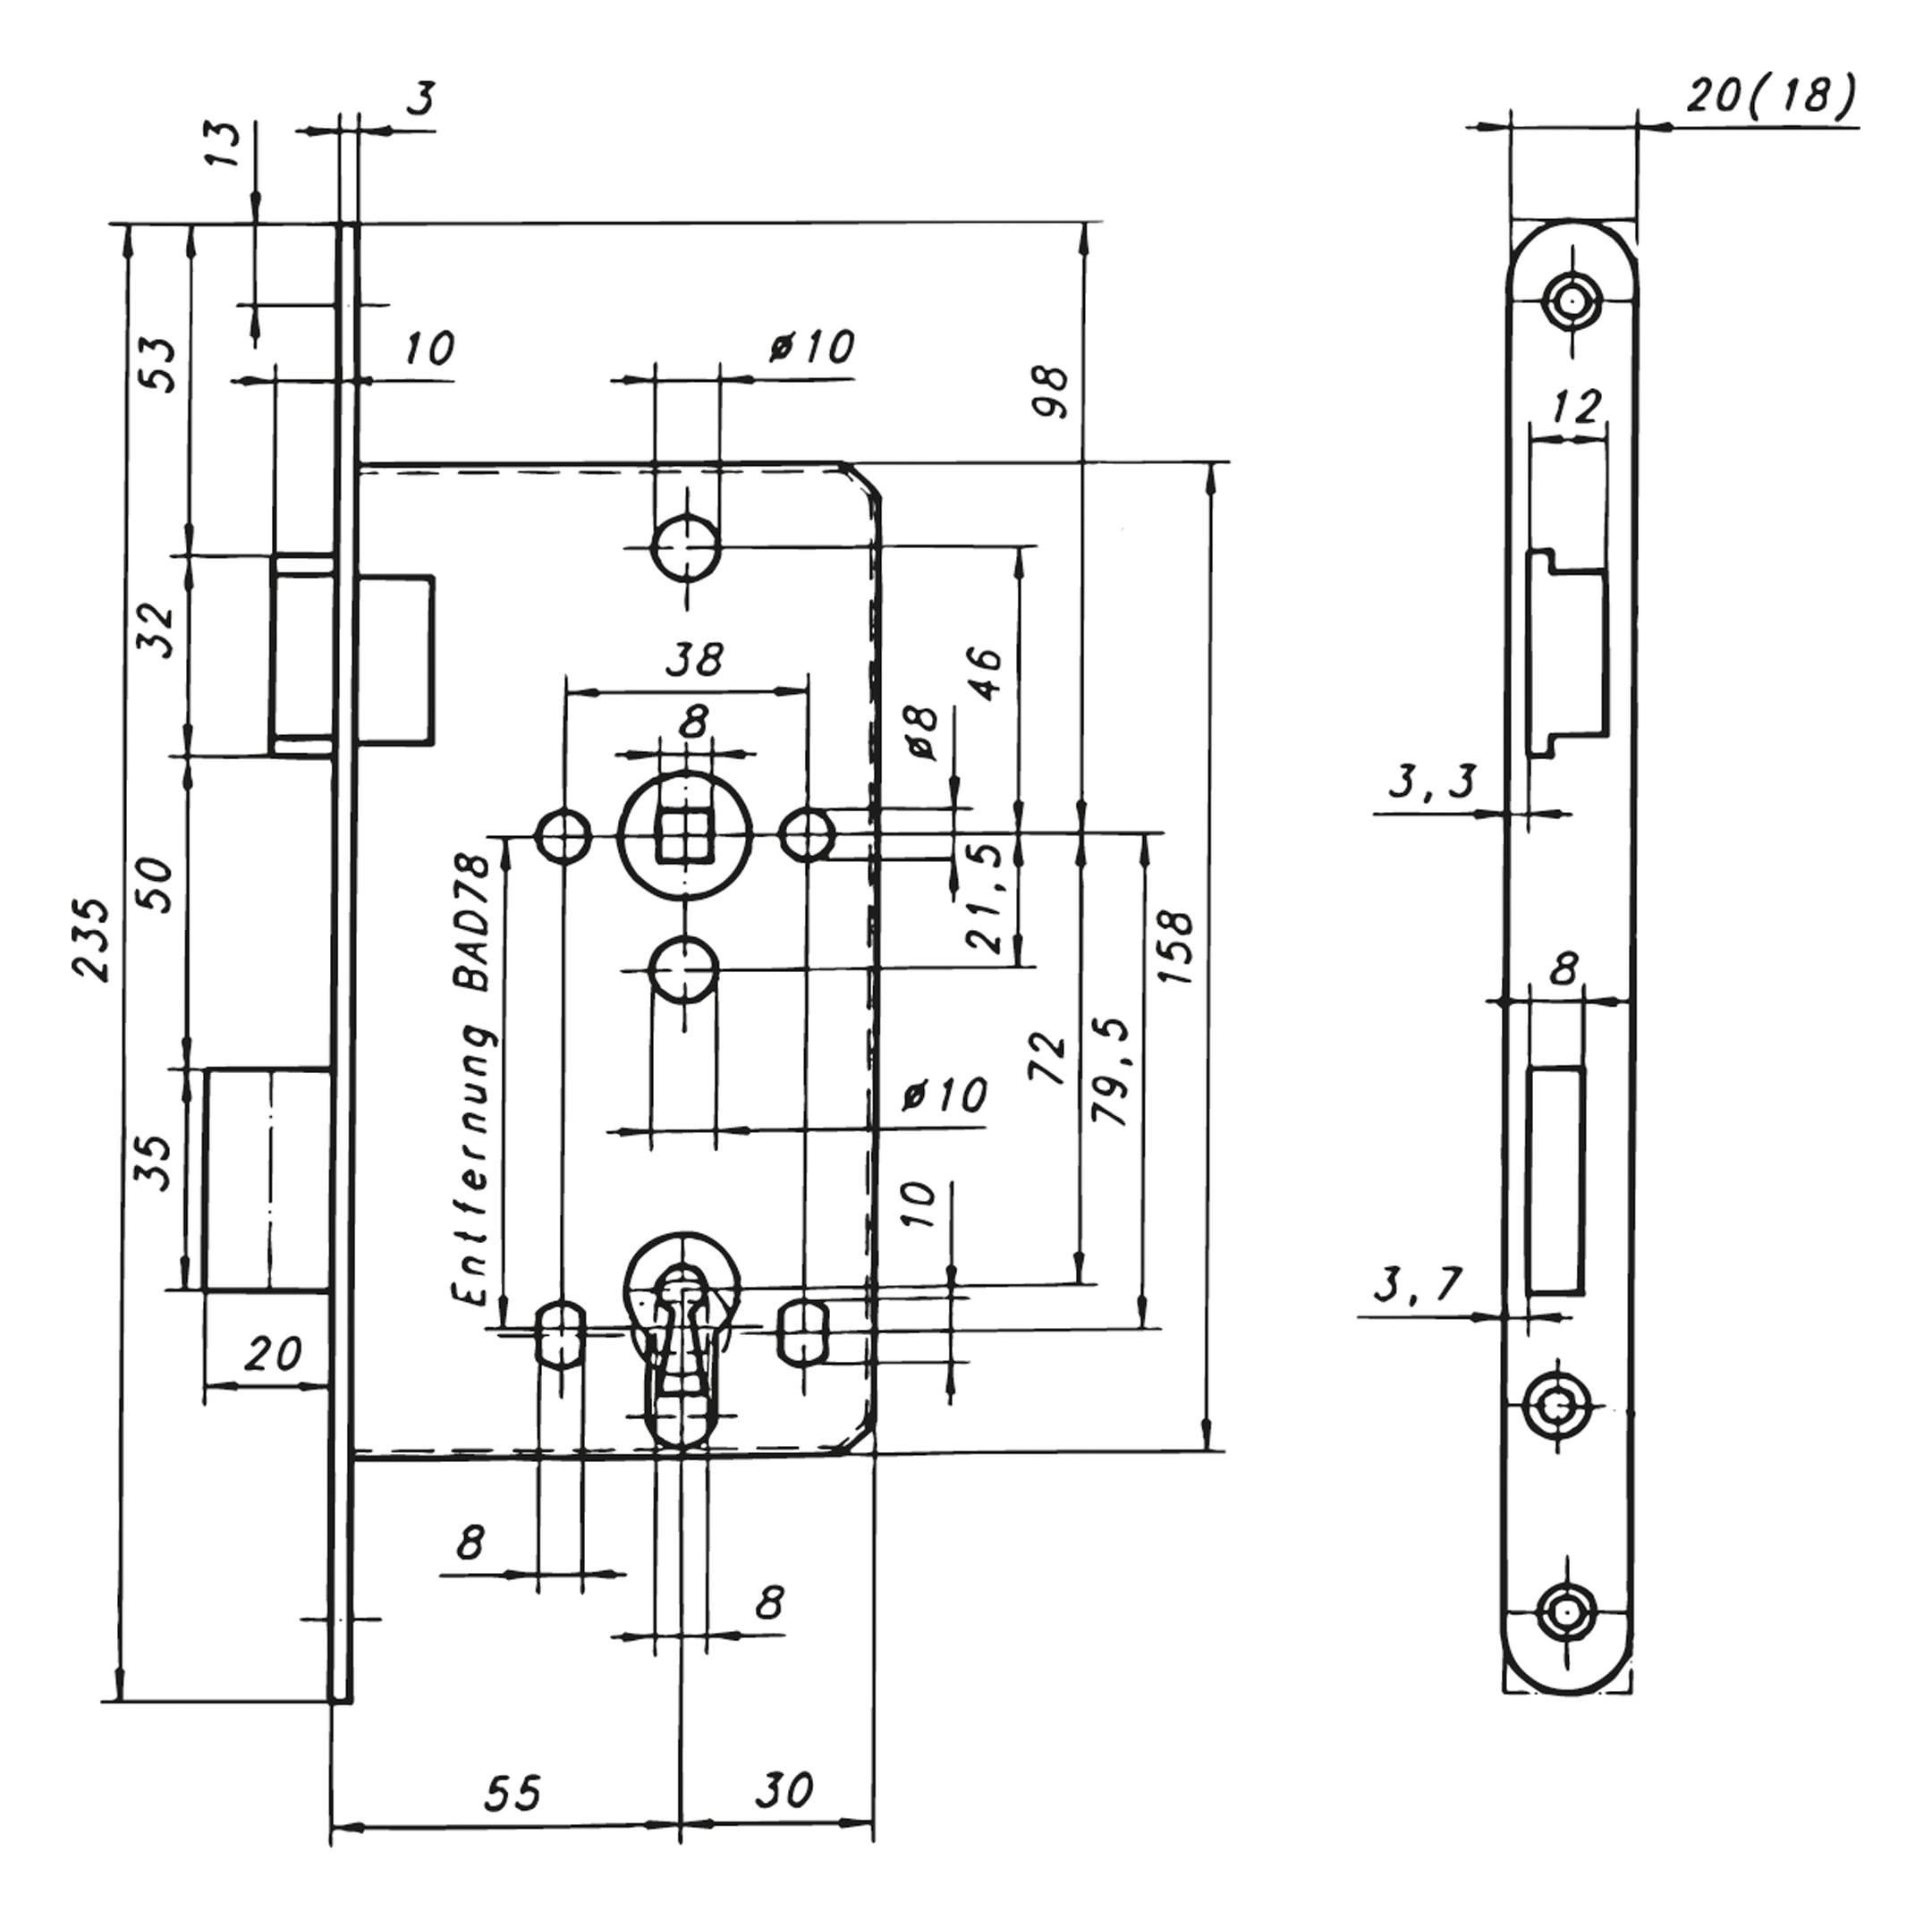 sächsische schlossfabrik zimmertür-einsteckschloss 8/55/ 78mm wc din
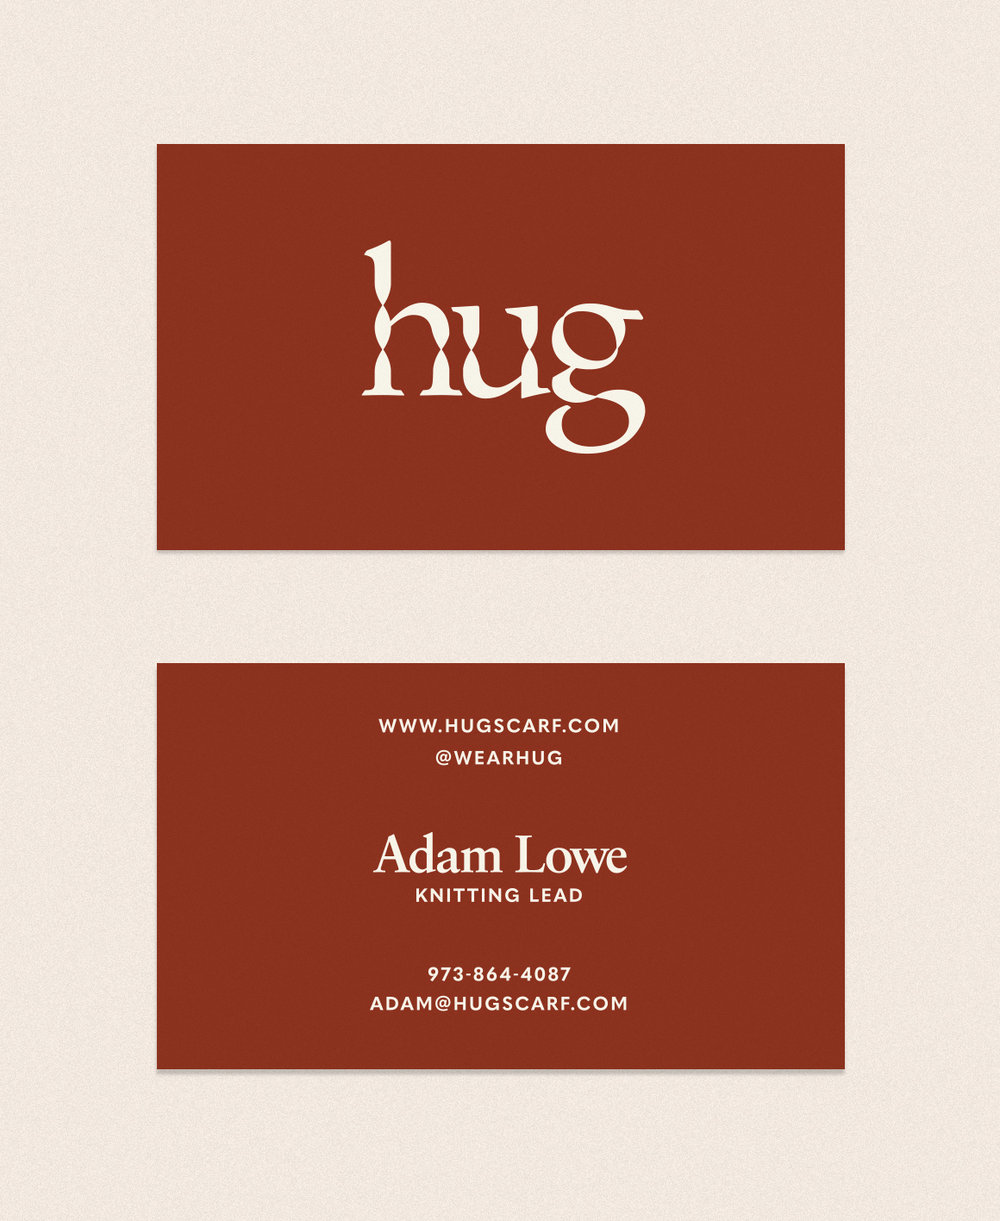 hug_BizCard_v4.jpg
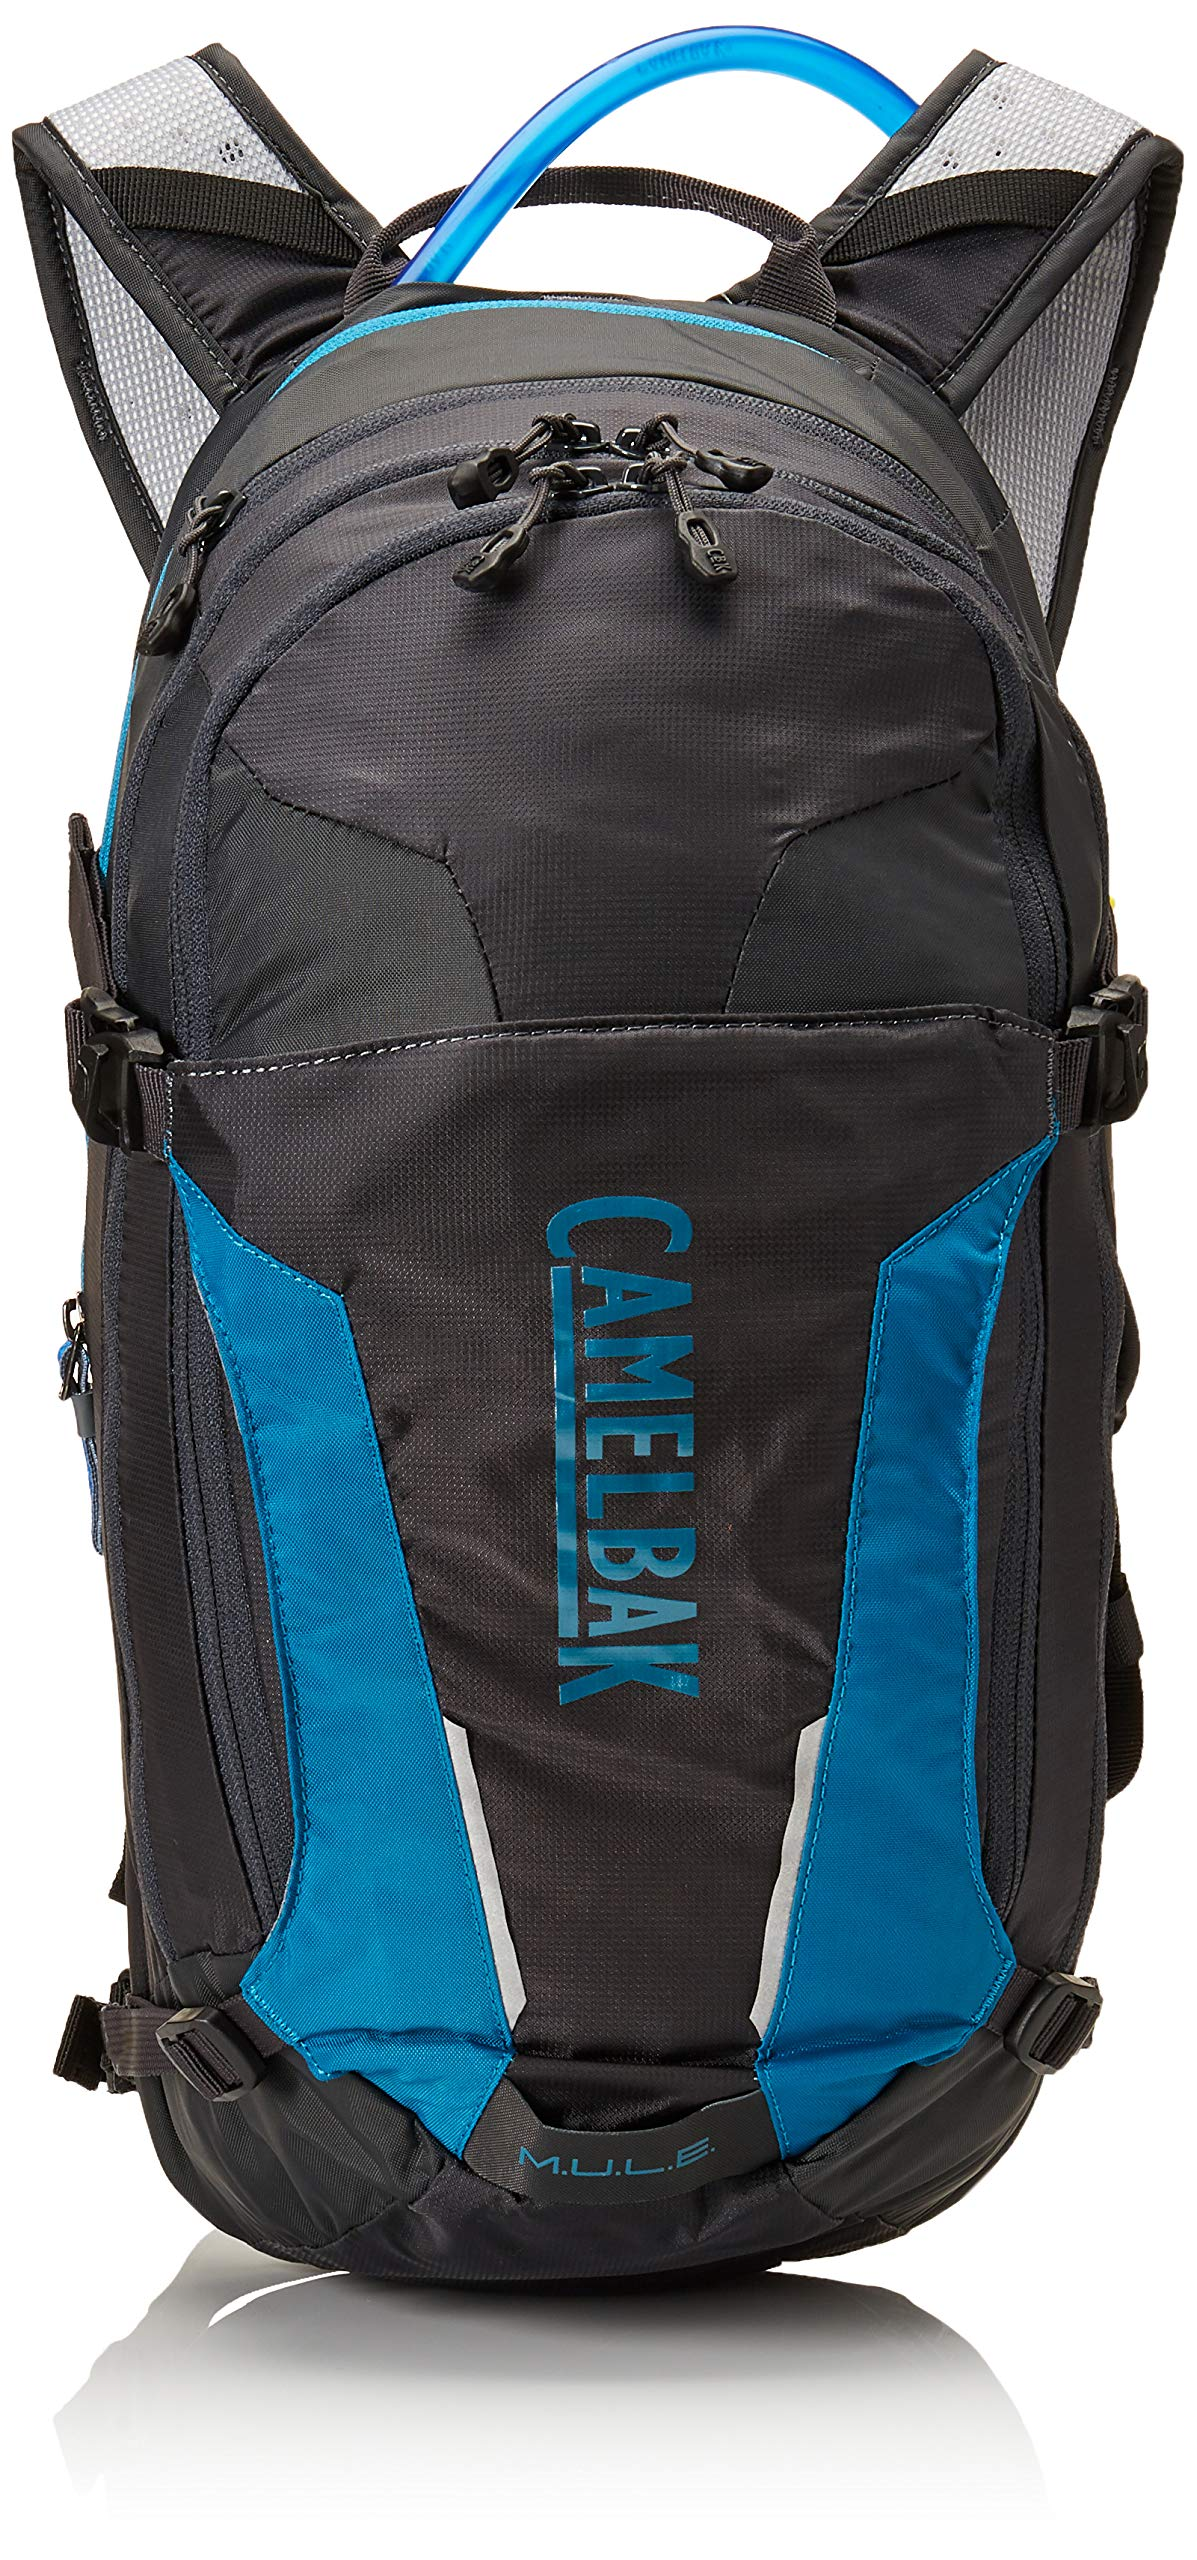 CamelBak M.U.L.E. 100 oz Hydration Pack, Charcoal/Teal
------------------------------------
Output the data above without changes, apart from leaving out the pictures.

Task solution
 sächsische schlossfabrik zimmertür-einsteckschloss 8/55/ 78mm wc din
 hug_BizCard_v4.jpg
 CamelBak M.U.L.E. 100 oz Hydration Pack, Charcoal/Teal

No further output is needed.